**Your assignment:** With the pictures removed, please write out every line below exactly as given.

**Data excerpt:**
....
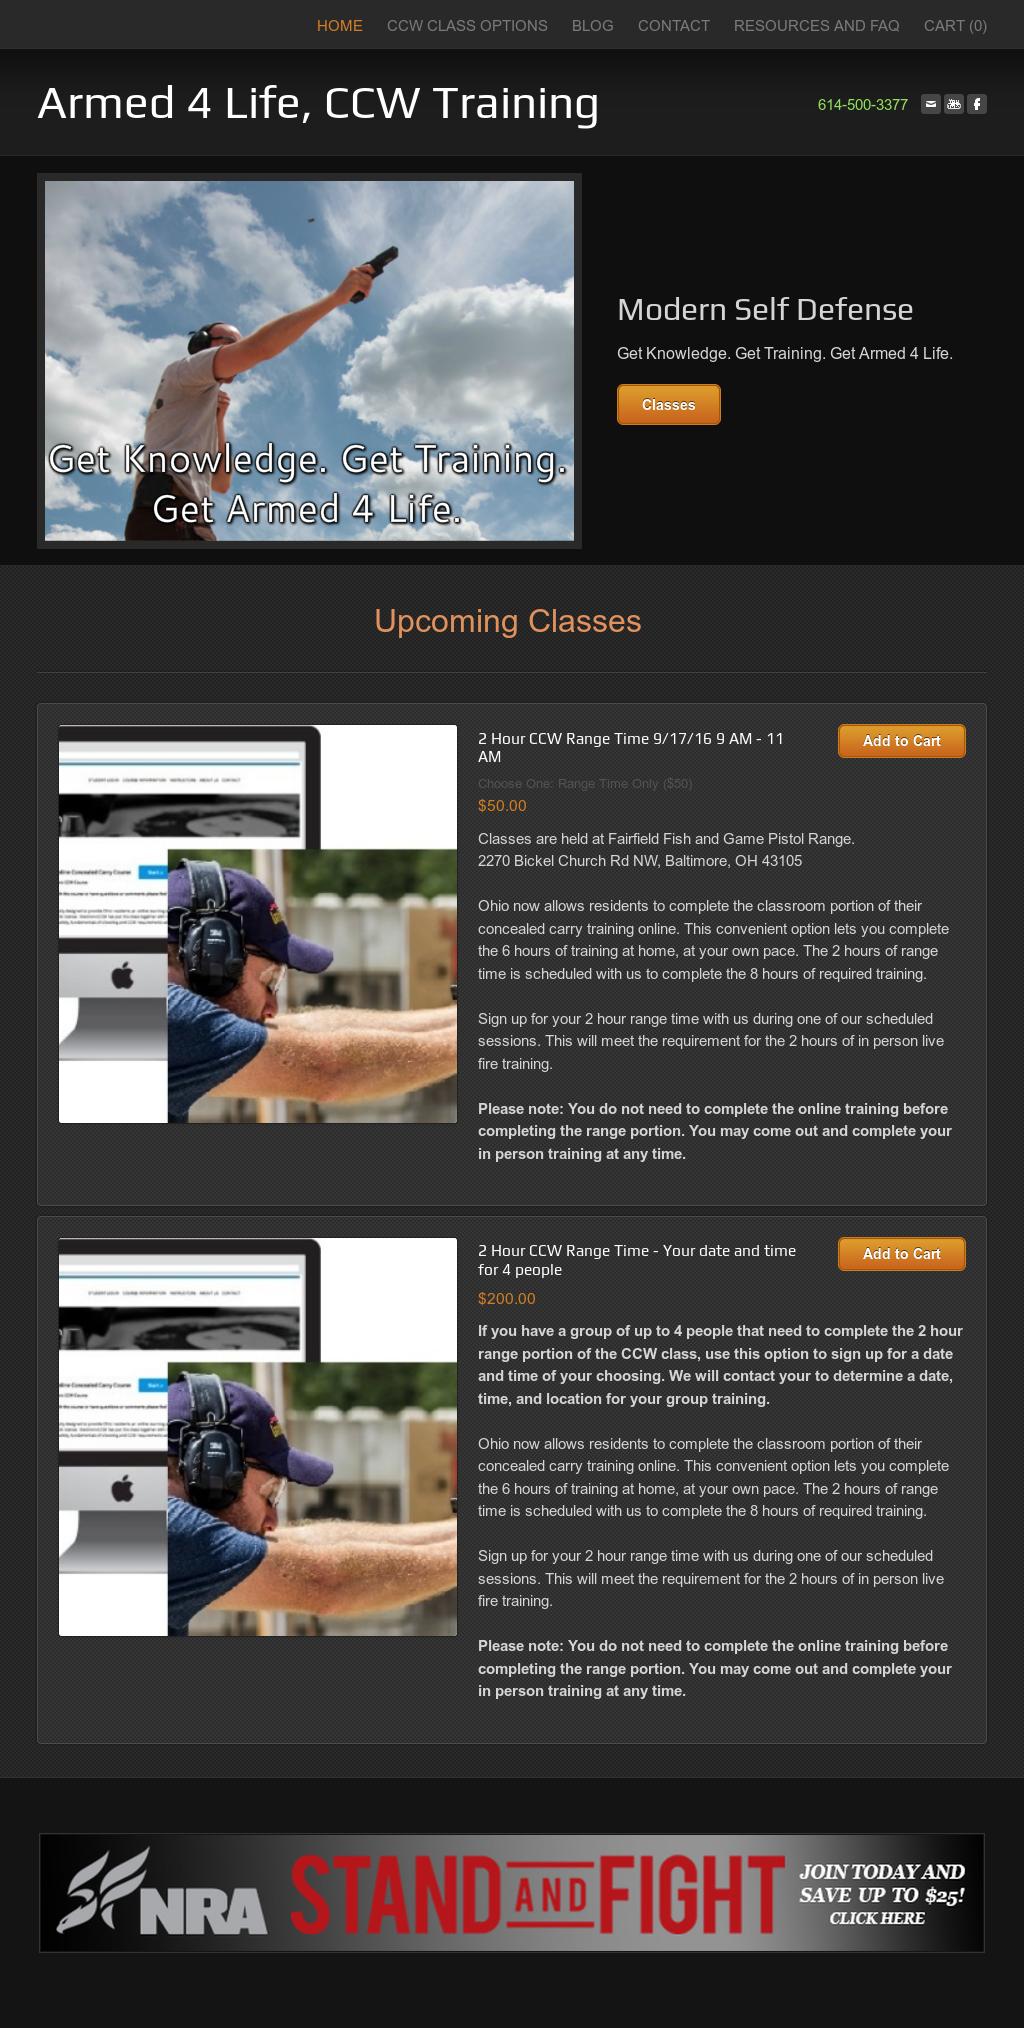 dating web stranice baltimore kuhanje za spajanje
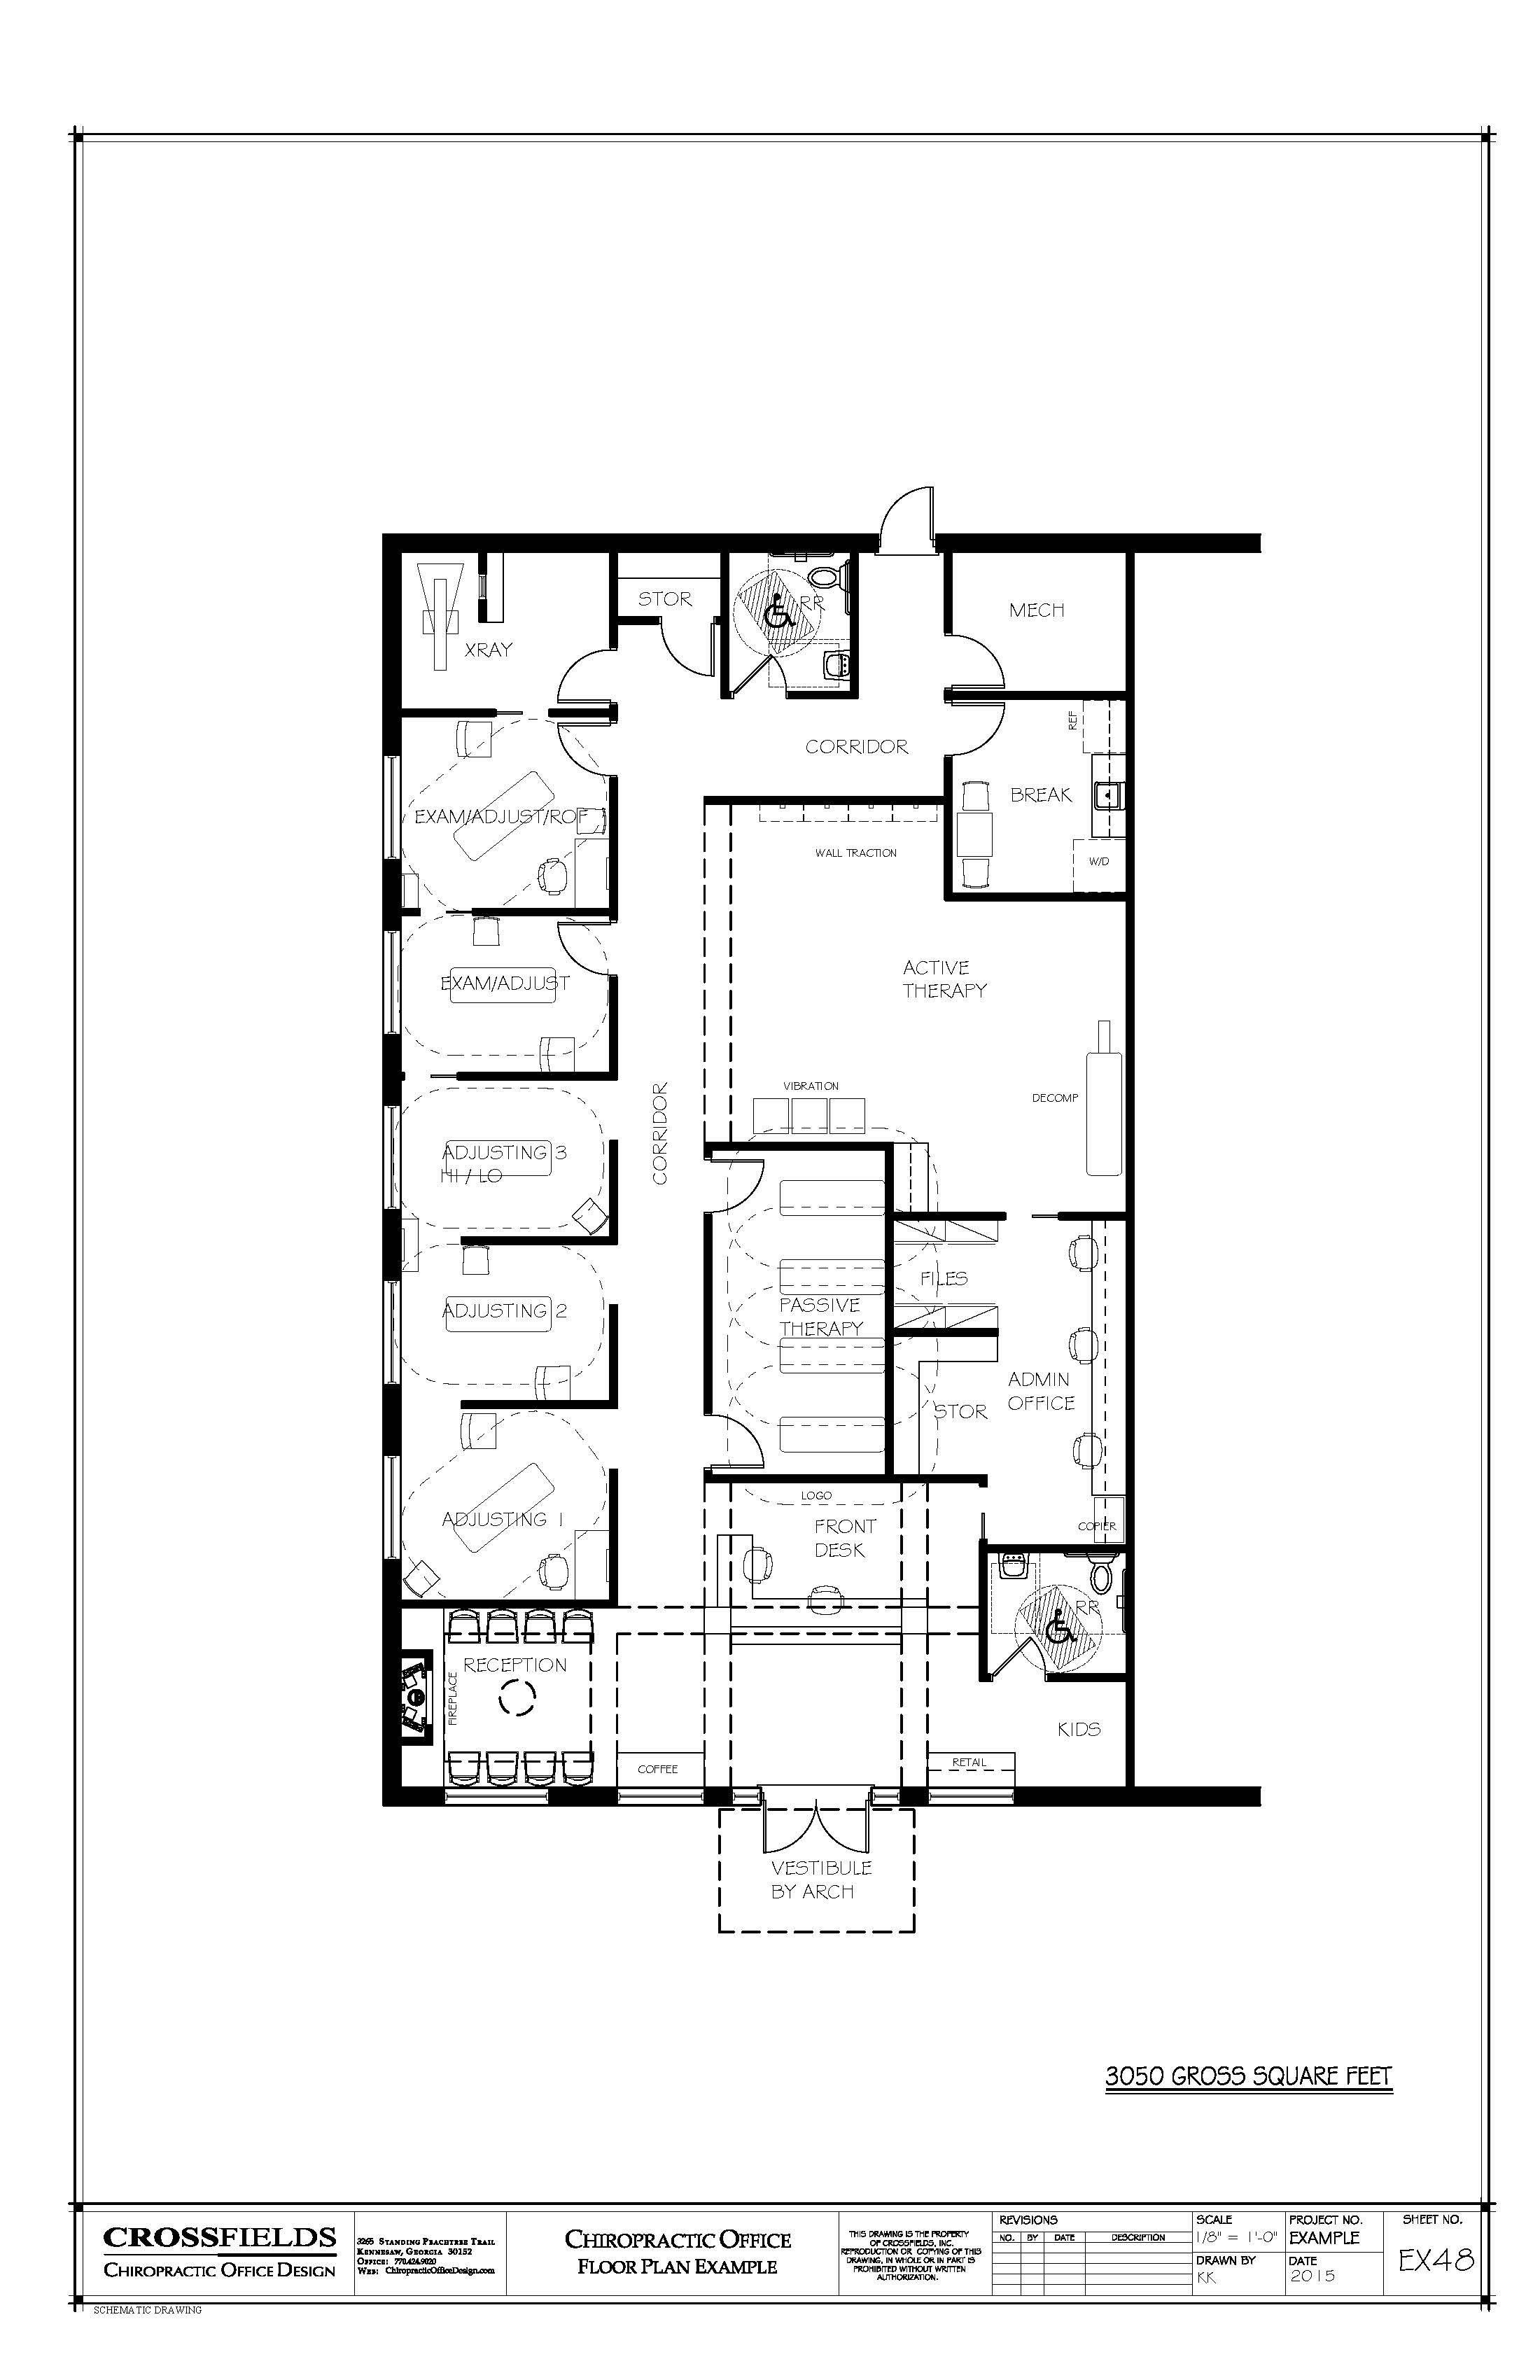 Chiropractic office floorplan with active passive for Office blueprints design
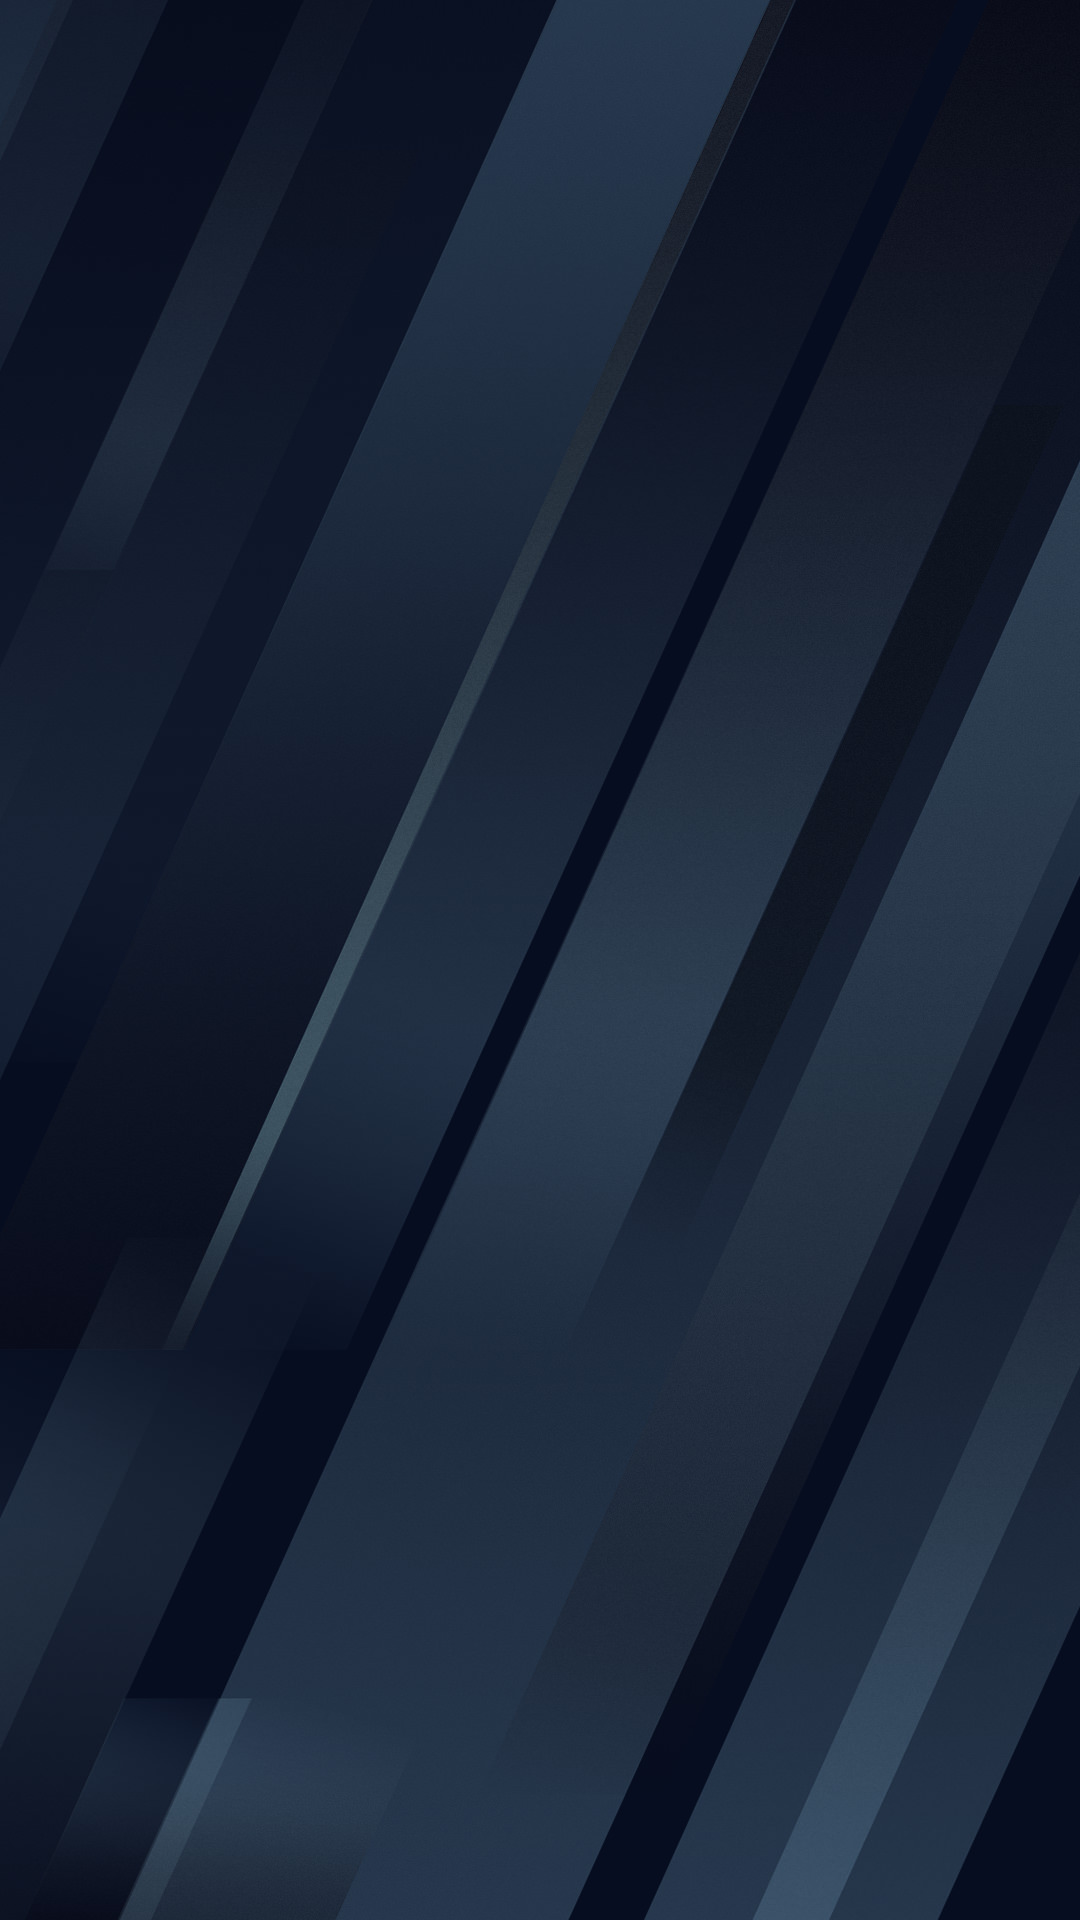 Iphone X Stock Wallpaper Zip Download Stock Wallpapers Of Lenovo Vibe X2 Pro
....
**Result of this task:**
 dating web stranice baltimore kuhanje za spajanje
 Chiropractic office floorplan with active passive for Office blueprints design
 Iphone X Stock Wallpaper Zip Download Stock Wallpapers Of Lenovo Vibe X2 Pro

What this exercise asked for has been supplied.